Relics #3: The possessed.

He told himself he was too pampered, too spoilt by civilization, ever to inhabit nature again; and that made him sad in a not unpleasant bitter-sweet sort of way. After all, he was a Victorian. We could not expect him to see what we are only just beginning – and with so much more knowledge and lessons of existentialist philosophy at our disposal – to realize ourselves: that the desire to hold and the desire to enjoy are mutually destructive. His statement to himself should have been, “I possess this now, therefore I am happy; instead of what it so Victorianly was: “I cannot possess this forever, and therefore I am sad”.    The French Lieutenant’s Woman, Chapter 10, John Fowles (1969)

Carpe diem (or YOLO if you’re Rihanna) – a timeless mode of thought?

Arguably modern attitudes to historical artefacts remain Victorian; fragility, rarity and legacy count for much. Or is it just human nature to infer a state of sanctity?

Does protection prevent real enjoyment by limiting handling, transportation, wider inspection? A missed opportunity for closer contact with something that has experienced the past and is witnessing the present.

This is well-trodden ground, and something that is rightly being challenged, if only for the purpose of pushing more ingenious ways of “engagement”.

But what interests me is when this sanctity is divined?
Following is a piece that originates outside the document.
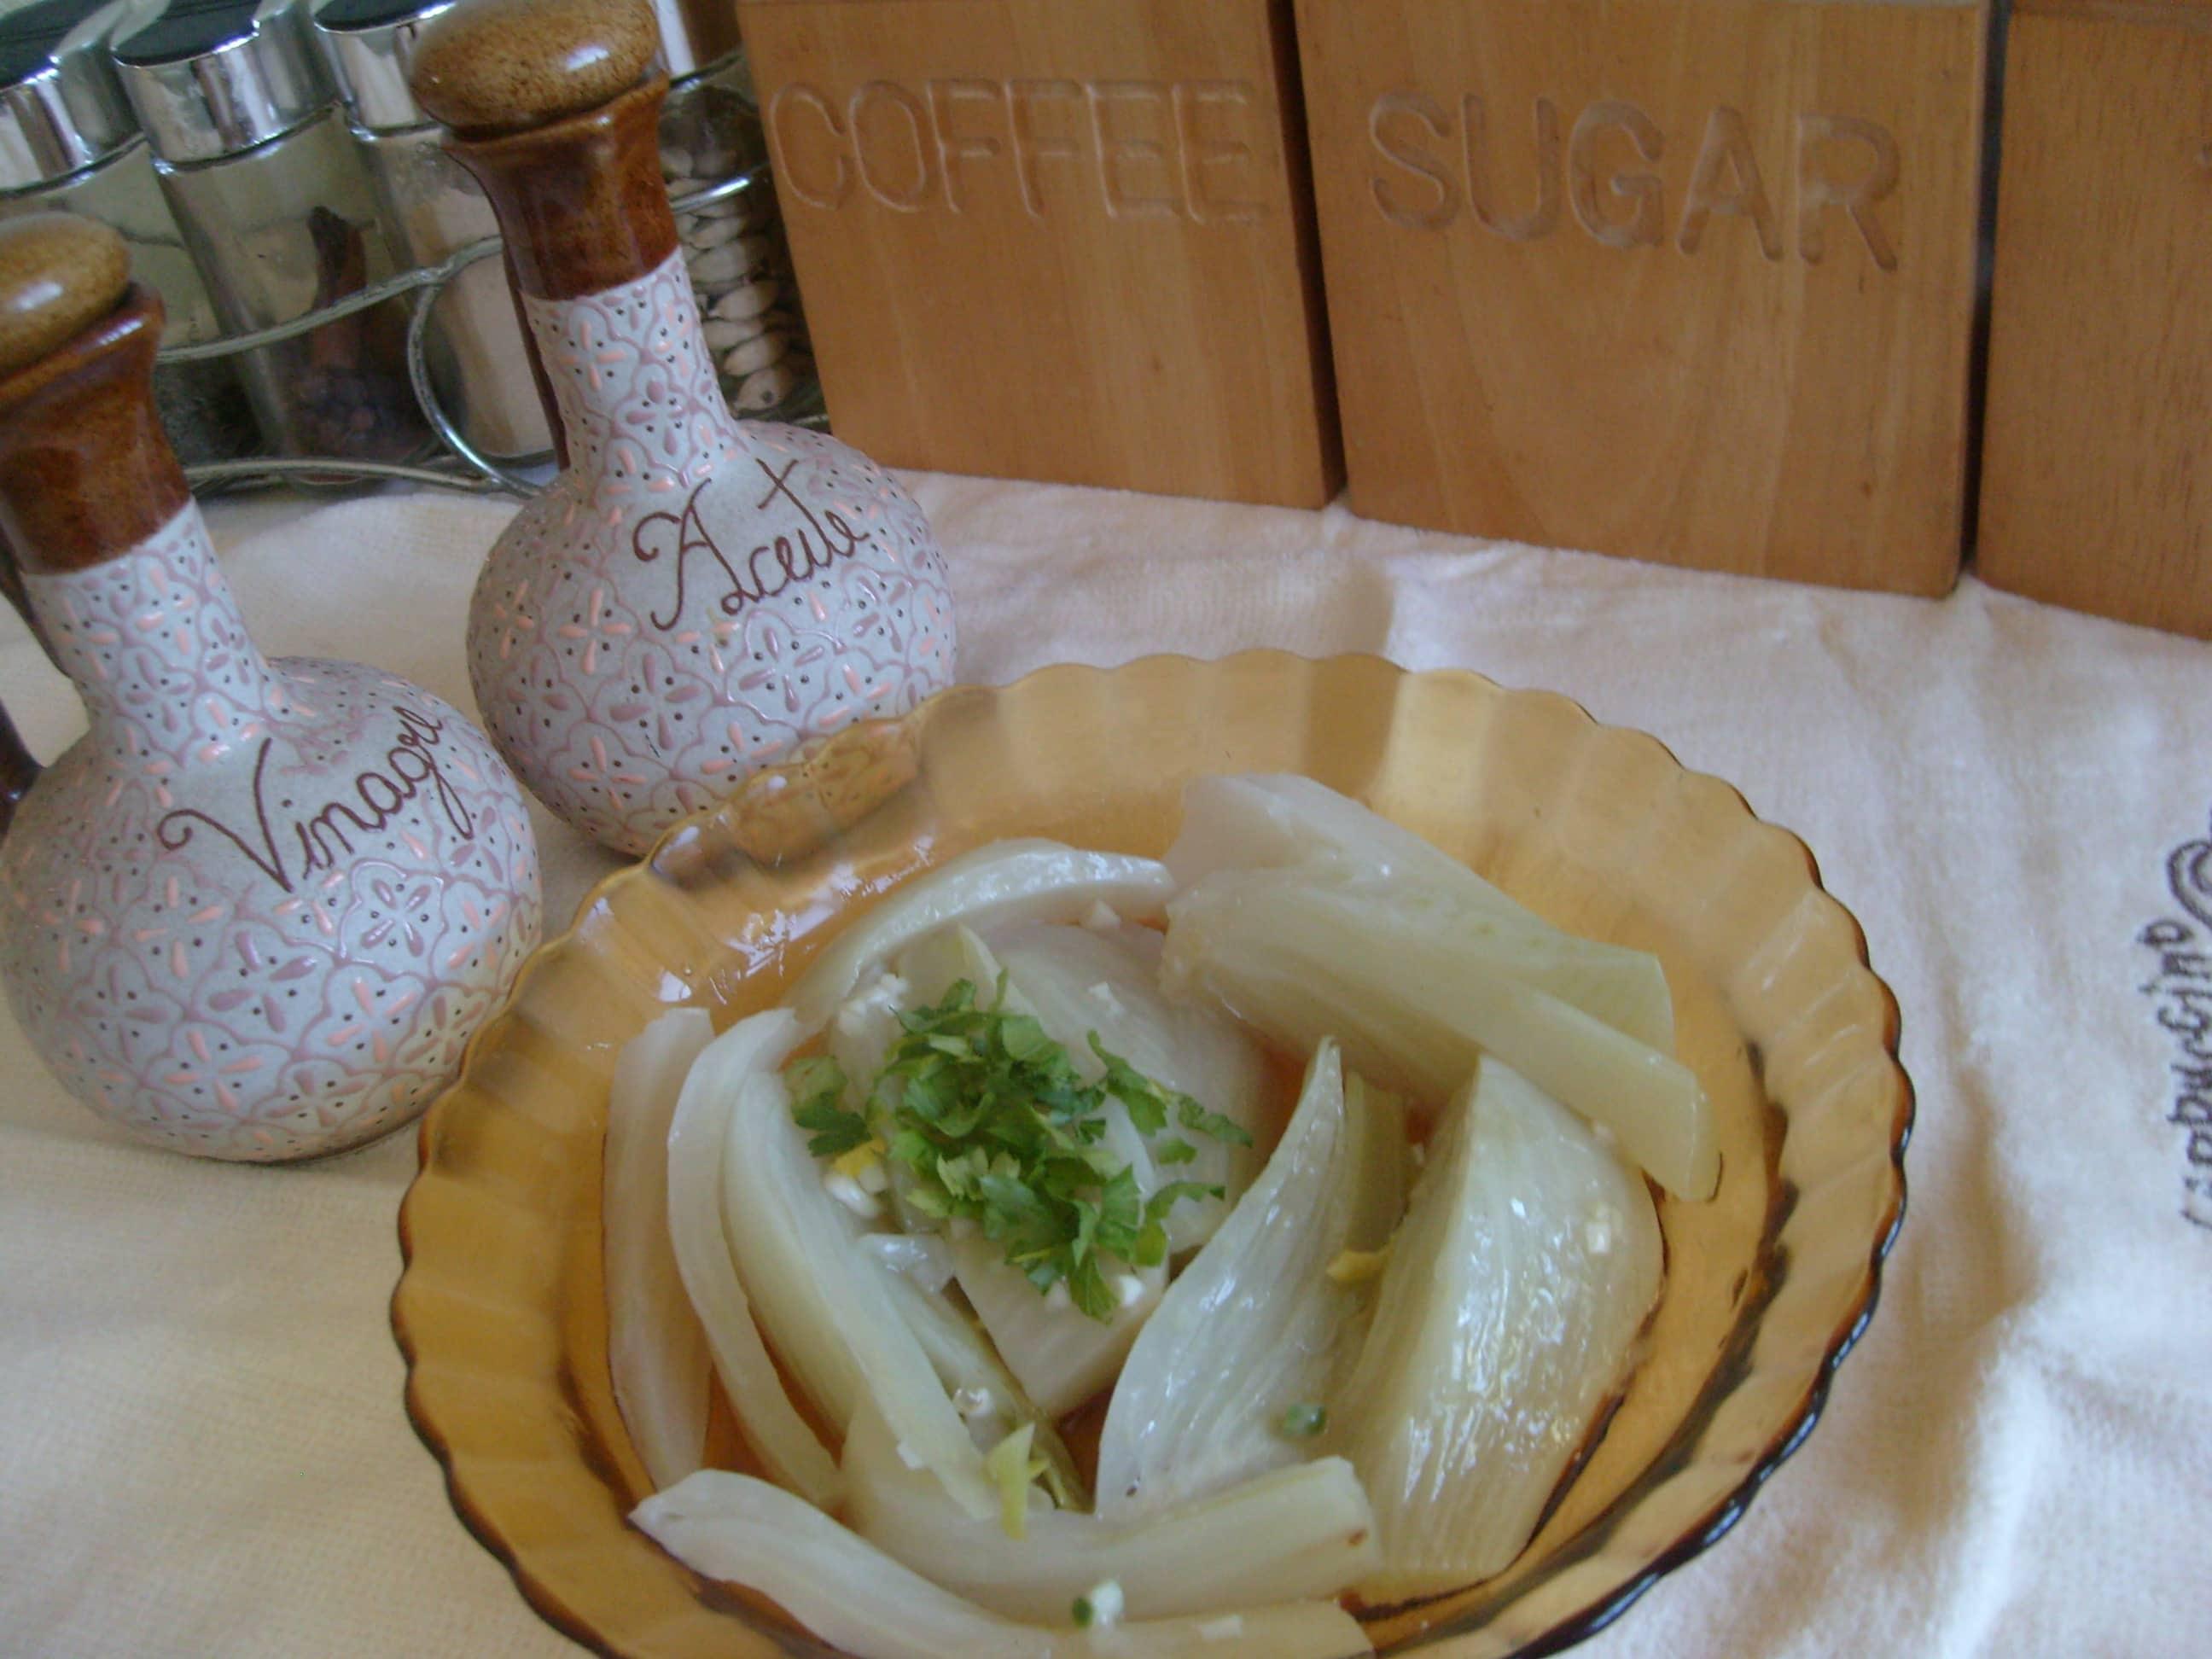 Salade de fenouil tres fondante amour de cuisine for Amoure de cuisine

When does something pass into the realms of relicdom?

I pondered this recently with the death of my aunt (bastard cancer).

The inevitable divvying up of possessions followed, although to a lesser degree, my aunt having completed much of this task herself. The horror of accepting (jewels, coffee sets), I cannot accurately describe.

My mother has largely been the recipient of clothes; quite literally stepping into her big sister’s shoes.

The rest? “Charity shop, I s’pose”, shrugged my uncle. Then, “They don’t suit me”. Finally, “They’re just things”.

On a surface level possessions, artefacts, are not a person, so what do they matter?

They matter to living memory and future interpretation. Providing a link between events, conversations, encounters, whilst providing the scope for future persons to guess at these.

1967 book graffiti

1967 book graffiti

I am an acute mixture of these. Having lost my dad at a young age I can’t always be certain what is fact (my genuine memories) or fiction (what I have been told since). I’m not saying that these are mutually exclusive, but the uncertainty is infuriating.

Yet my response to objects is something apart. There is no doubt.

This is his sketch, unearthed, albeit from 1967 – I see him drawing, pen in hand.

The worn patch on the right-side arm of a chair – there, he’s resting his head in his right hand whilst watching telly.

For this reason, I value objects. I cherish them. Things that have meaning to just a few. But I don’t claim exclusivity. The potential for future speculation, wildly inaccurate guesses, thrills me.